As Dixon, Dana Andrews demonstrates why he is one of noir’s most affecting actors. Given Dixon’s penchant for beating suspects, one might be inclined to call him a sadist — Foley as much as states it, suggesting that Dixon “gets fun out of it.” He doesn’t seem to enjoy it, however; Dixon’s violence is a product of total insecurity about who he is. His crooked father, dead trying to shoot his way out of jail, he confesses, looms large. He struggles to reconcile the inherent violence that he is convinced must be his birthright with his role as an officer of the law — each hood he beats is a reflection of himself. Every punch is really directed at a mirror. When crafting his postwar asylum thriller Shutter Island (2010), Scorsese modeled the federal marshal-turned-mental patient Teddy Daniels, played by Leonardo DiCaprio, on the characters Andrews played for Preminger — especially the wounded detective at the heart of the oneiric Laura (1944) and the razor’s edge Dixon. Daniels’s combination of romantic desire for an unattainable woman and his penchant for brutal violence are a hybrid of Andrews’s characters in these two Preminger films and are quintessential noir. In both Shutter Island and Where the Sidewalk Ends, the effects of violence are psychologically corrosive — they destroy the men who commit such brutal deeds. Though Dixon expects to die at Scalise’s hands in the movie’s climax, and writes a confession to Foley “to be opened in the event of my death,” he survives and the gangster is apprehended. Dixon, unable to live with the consequences of his actions, rejects Foley’s offer of promotion and urges him to read the letter anyway. As the Production Code dictates, Dixon’s crime is punished, and the law is upheld — however, the lingering effect of a system that tolerates, and even rewards police brutality is an overwhelming one. Such is the case with many film noirs, which technically adhere to the letter of the Code’s law in punishing criminals, but simultaneously suggest so much is rotten at the heart of the American experiment that the whole thing may be beyond saving — a far more despairing and subversive thought.

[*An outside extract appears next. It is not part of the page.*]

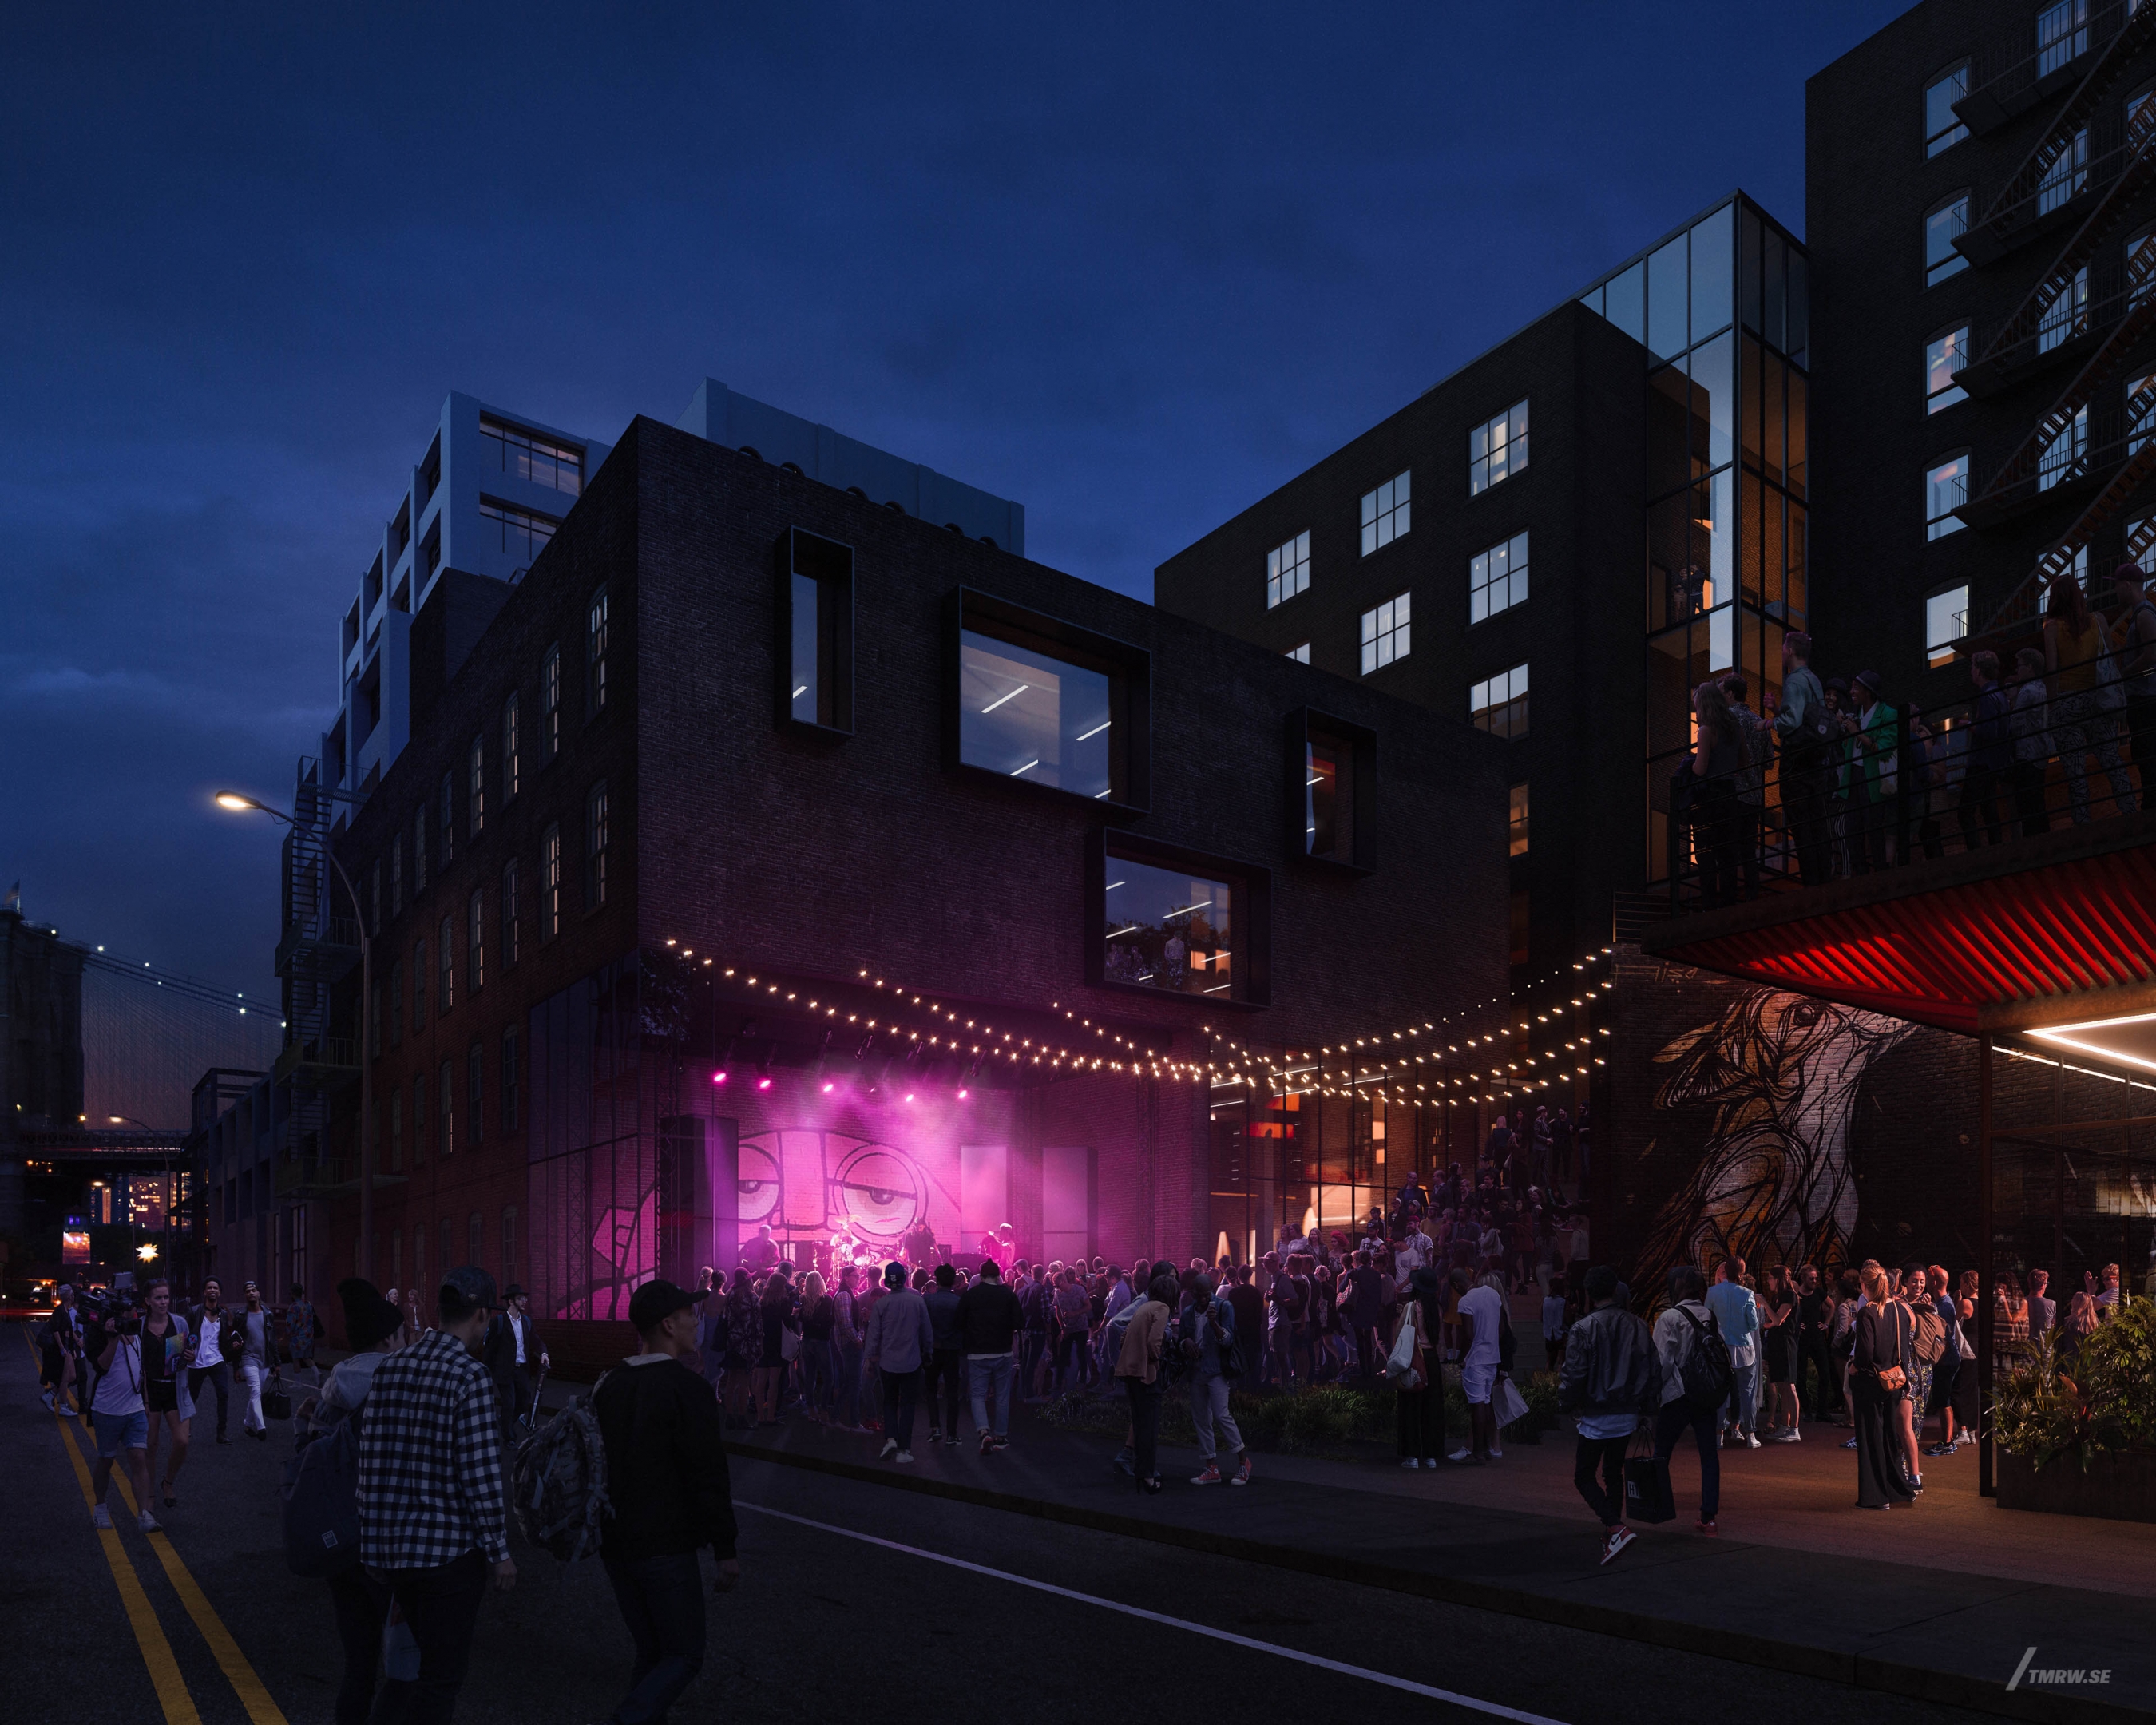 Architectural visualization of Columbia Heights for Gensler, exterior of a street dance party in the night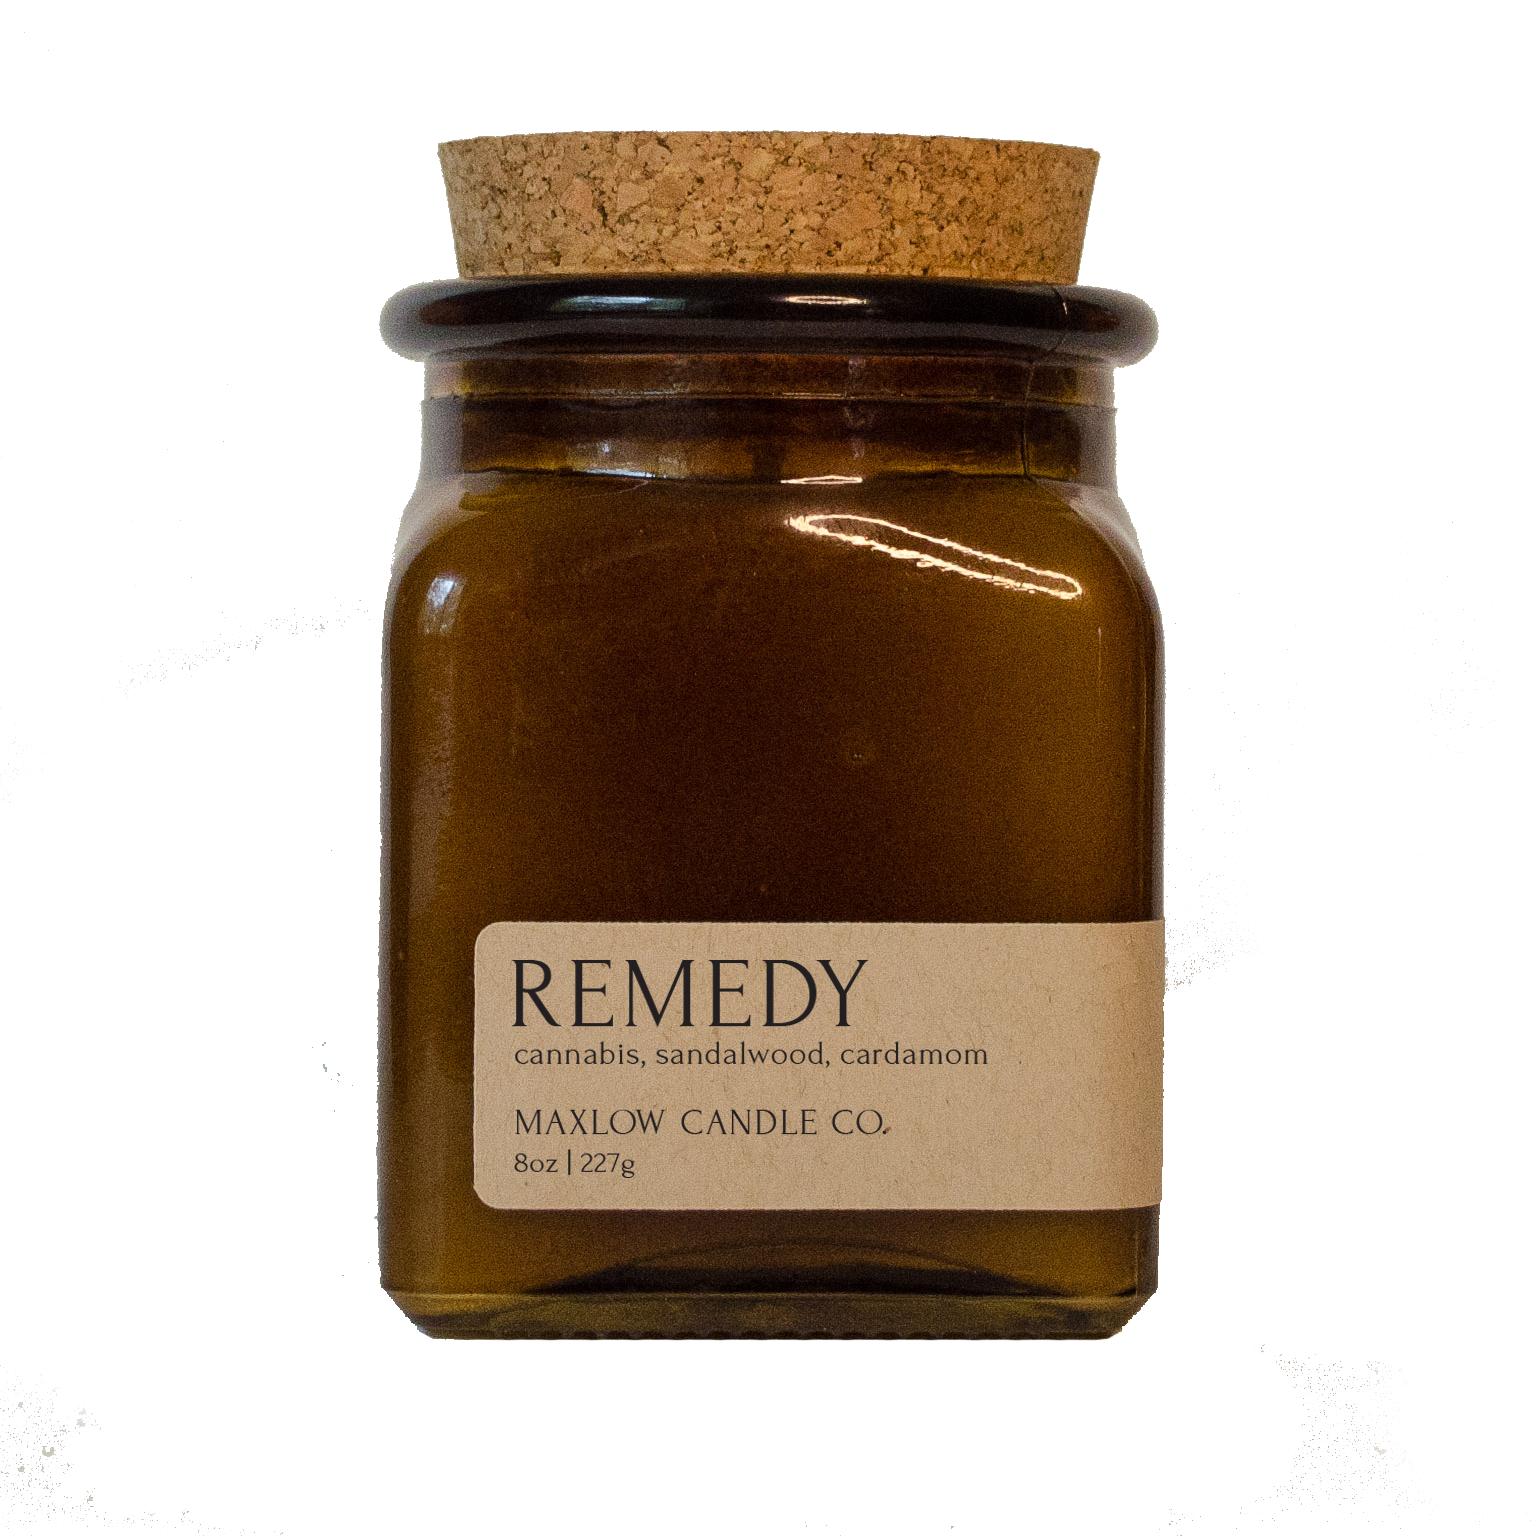 Remedy - 8oz Soy Candle - LAST CHANCE

On Dangerous Ground’s Wilson does not go so far — he does not commit a murder, either intentionally or unintentionally. However, his on-screen violence seems more sadistic than Dixon’s, a fury that Ray emphasizes through a consistent, if not quite Bressonian, focus on the impact of hands throughout the film. In one moment, Wilson corners a suspect in his dingy apartment, and Ray shoots the scene hip-high, with the suspect fearfully sitting on a chair, in focus in the shot’s background, with Wilson’s clenched fist looming out of focus in the foreground. A low angle from the suspect’s point of view stares up at the ominous Wilson as he blames the victim: “You’re gonna make me crack you, aren’t you?” he says, eagerly anticipating the outcome. “Why do you make me do it? Why do you make me do it?” he shouts, his cries indistinguishable from those of a serial killer who abdicates his own responsibility for his actions. Wilson is volatile, which Ray captures stylistically throughout the film’s first half, which is set in New York City. Bernard Herrmann’s score rumbles low and then explodes like a fuse being lit before its thunderous payoff, matching Wilson’s slow-burn intensity that, when triggered, threatens to consume everyone around him. Ray also adopts a highly unconventional technique for a Hollywood film in 1951, switching briefly to a handheld camera as Wilson chases a suspect down an alley and then again in the film’s second half as he fights off a violent assault by a vengeful father. Ray’s stylistic unpredictability goes one step further than the documentary realism then becoming more common in crime films, many of which followed in the near-newsreel style of Jules Dassin’s The Naked City (1948). Though Ray does seek to provide an immersive, city-streets experience in the film’s first half, the sudden switch to handheld is less cinéma vérité than an expression of Wilson’s combustible temper.  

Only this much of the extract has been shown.